Pseudo Image

Genomic data sets often contain values or observations that deviate substantially from expected values. These deviations can often be ascribed to a variety of technical or other factors that have little to do with biological cause and effects. In these situations, it is often better to identify and exclude outliers from an analysis than it is to include them, particularly where the cause of the anomalies can be explained by technical problems.

Often, valuable information about the quality of an array can be obtained from a visual examination of an image of the hybridization pattern. The Pseudo Image process generates an interactive pseudo image of an array by plotting a color-coded intensity variable using X- and Y-coordinates.

What do I need?

Three data sets are required for this process.

The first required data set is the Experimental Design Data Set (EDDS). The affylatin_exp2.sas7bdat EDDS, which is used in the example that follows, is shown below. This required data set provides information about the experiment and identifies the files and columns containing the relevant data in the input data set. Note that one column in the EDDS must be named ColumnName and the values contained in this column must exactly match the column names in the input data set.

The second required data set, the Input Data Set, contains all of the numeric data to be analyzed. The sample data set used in the following example, the chips45and55.sas7bdat data set, shown below, is from the Affymetrix Latin Square experiment that is described in Sample Case Studies. This data was originally generated by Affymetrix Corporation to develop and validate their U95A GeneChip and Microarray Suite (MAS) 5.0 algorithm over a range of known concentrations. Each group in the experiment contains a pool of non-specific RNA as well as a set of 14 distinct human transcripts spiked in at known concentrations. Intensity data are listed in the last two columns of the data set.

The third required data set, the coordinate data set, lists the x- and y-coordinates for each spot on the arrays. The probemap_u95a.sas7bdat data set, used in the following example, is shown below.

Two additional, optional, data sets can also be merged into the analysis. The first, the Annotation Data Set, provides annotation information for each of the markers, such as gene names, function, physical location, and association, that can be used as key terms for web and database searches.

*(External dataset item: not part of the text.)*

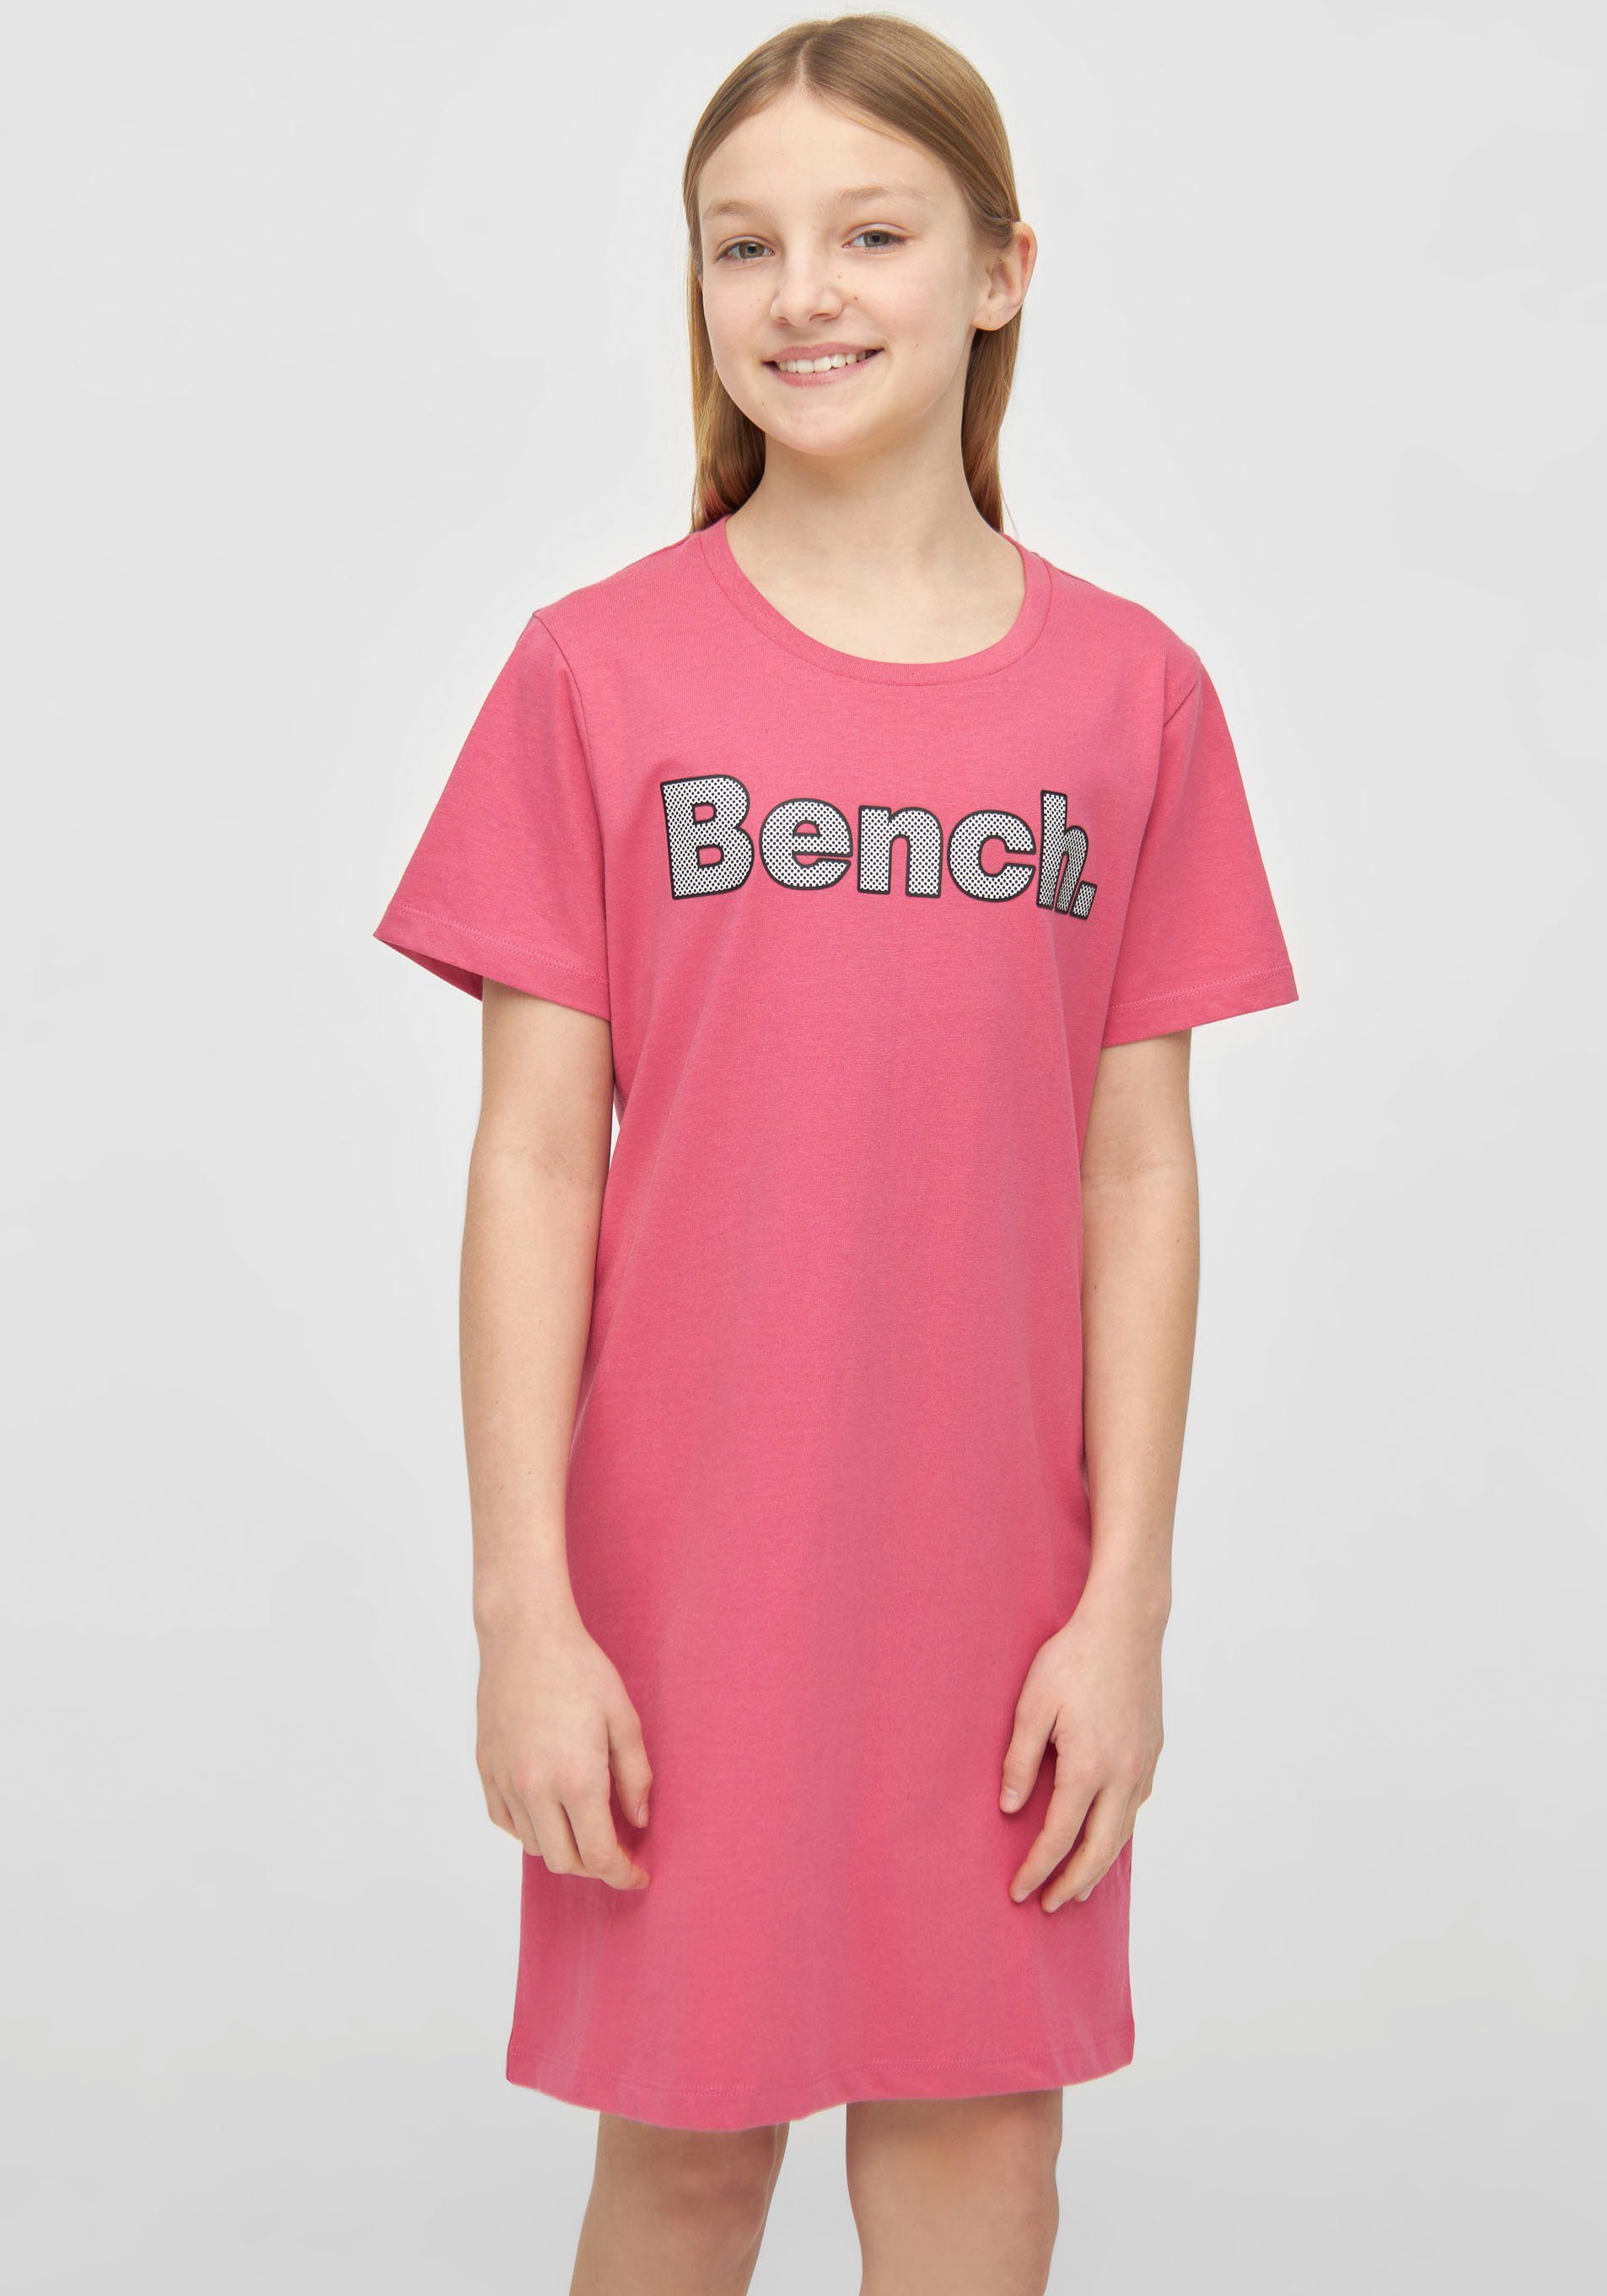 Bench Mädchen T-Shirts online kaufen | OTTO | T-Shirts

The second optional data set, the QC data set, contains Affymetrix Input Engine generated QC probes data (qcprobe). This data set should be specified only if the input data set does not contain data for QC probes and if you want QC probes data displayed in the pseudo image. The qcdata_c45and55.sas7bdat QC data set is shown below.

Examine and compare the chips45and55.sas7bdat input data set, the probemap_u95a.sas7bdat coordinate data set, and the qcdata_c45and55.sas7bdat QC data set.

All three data sets have the Unit, Probe, and Probe_Set_ID columns in common.

The affylatin_exp2.sas7bdat EDDS, the chips45and55.sas7bdat input data set, the probemap_u95a.sas7bdat coordinate data set and the qcdata_c45and55.sas7bdat QC data set are all included in the Sample Data folder.

For detailed information about the files and data sets used or created by JMP Life Sciences software, see Files and Data Sets.

Output/Results

The output generated by this process is summarized in a Tabbed report. Refer to the Pseudo Image output documentation for detailed descriptions and guides to interpreting your results.